A former member of the Miami-Dade Police Department and FBI, the Jacksonville, Fla. attorney has written a book called Arrest-Proof Yourself, 369 pages that explain the many bullshit ways in which cops target people, as well as how pedestrians can avoid being statistics. 

Carson reveals what we already know to be true: "Law enforcement officers now are part of the revenue gathering system." Cops try to get ahead by essentially stepping on each to put more people in in prison. Carson's book is a collection of sensible—if not obvious—things you can do to keep yourself out of jail. 

For example: be invisible to police.

"If police can't see you, they can't arrest you." The simplest application of this concept is that if you plan on doing something illegal, you should do it in the privacy of your home. Yes, you can be arrested while at home, but you can't be profiled sitting in your living room, and profiling is what you're trying to avoid.

If, for whatever reason, you failed to be invisible, bawl so hard. It's certainly not the honorable option, but it's an option.

Bawl hard while begging for a notice (the option here is a notice or jail, not notice/jail or getting off scot free). "Don't waste time worrying about what your friends will think," Carson says. "If they're with you, they're getting arrested too." If they're not with you, they won't know.
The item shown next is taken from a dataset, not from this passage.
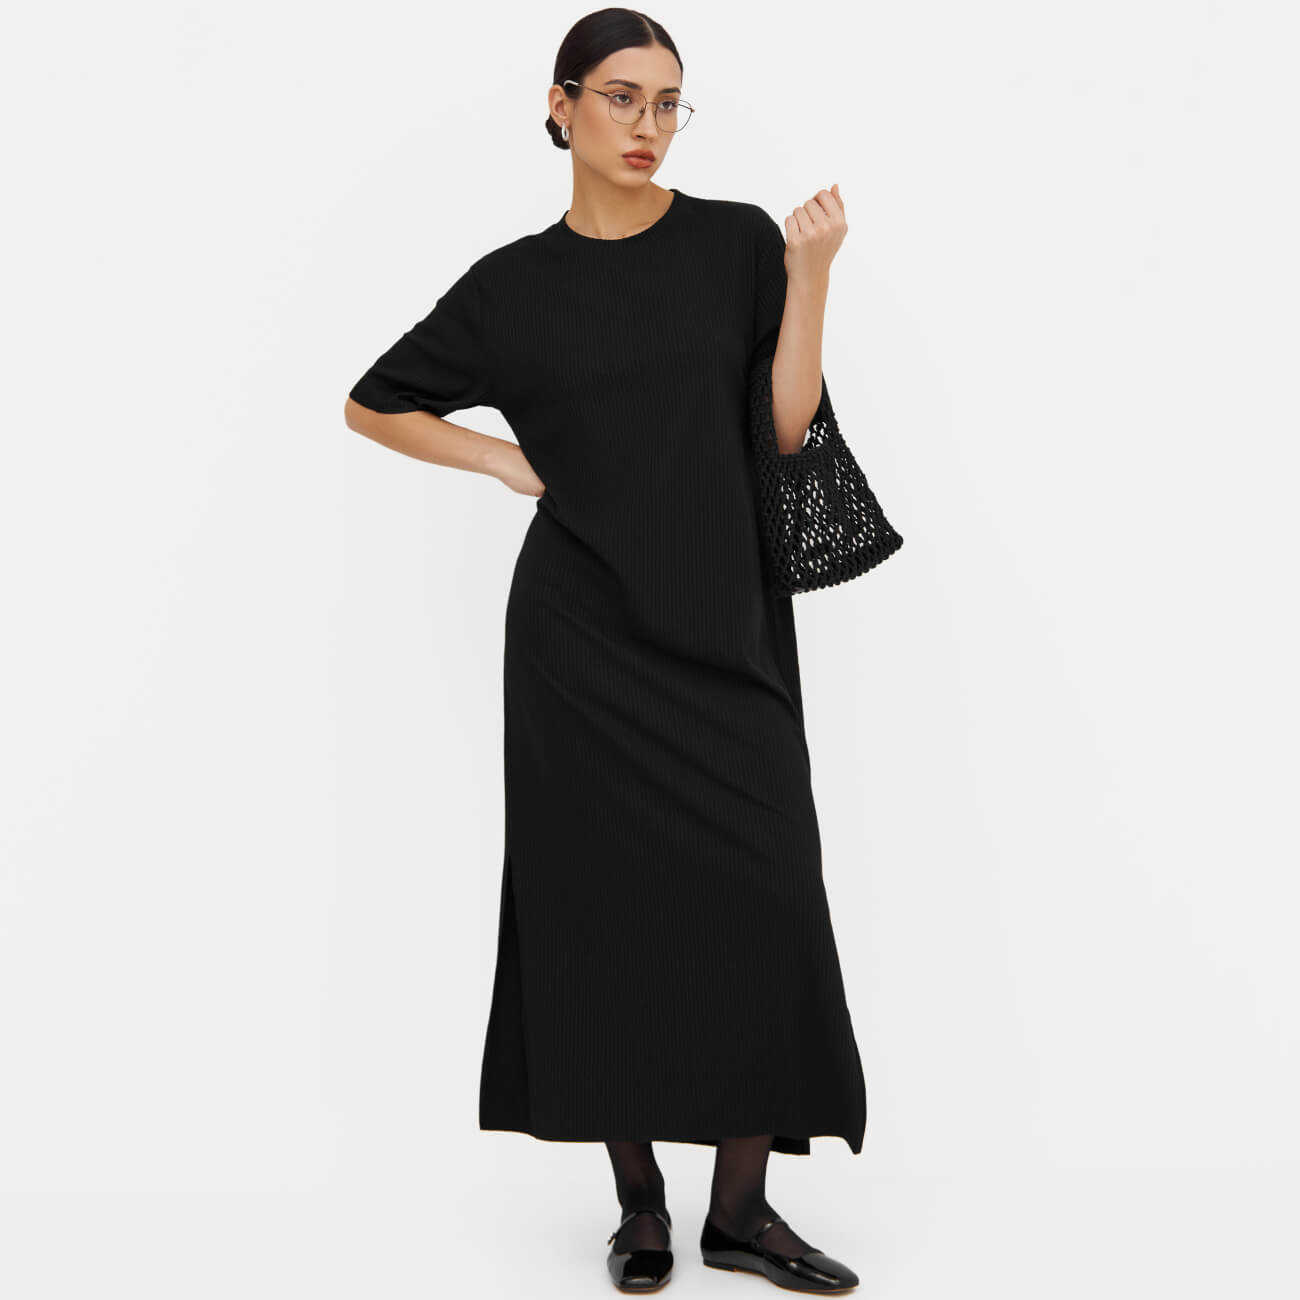 Платье женское, макси, р. S, с коротким рукавом, в рубчик, полиэстер/вискоза, черное, Rhea платье рубашка женское мини р xl с коротким рукавом хлопок черное ottavia

Another nugget of knowledge from Carson might put a damper on time spent with your homies: "When cops see four young males in a car, they immediately wonder if this is a crew of criminals out to do a job." History has taught us that race absolutely plays a factor in how young men (or a group of them) are perceived.

So basically, be invisible to police, cry when necessary, don't be one of too many dudes in a car and definitely don't be a minority. That should keep you out of jail.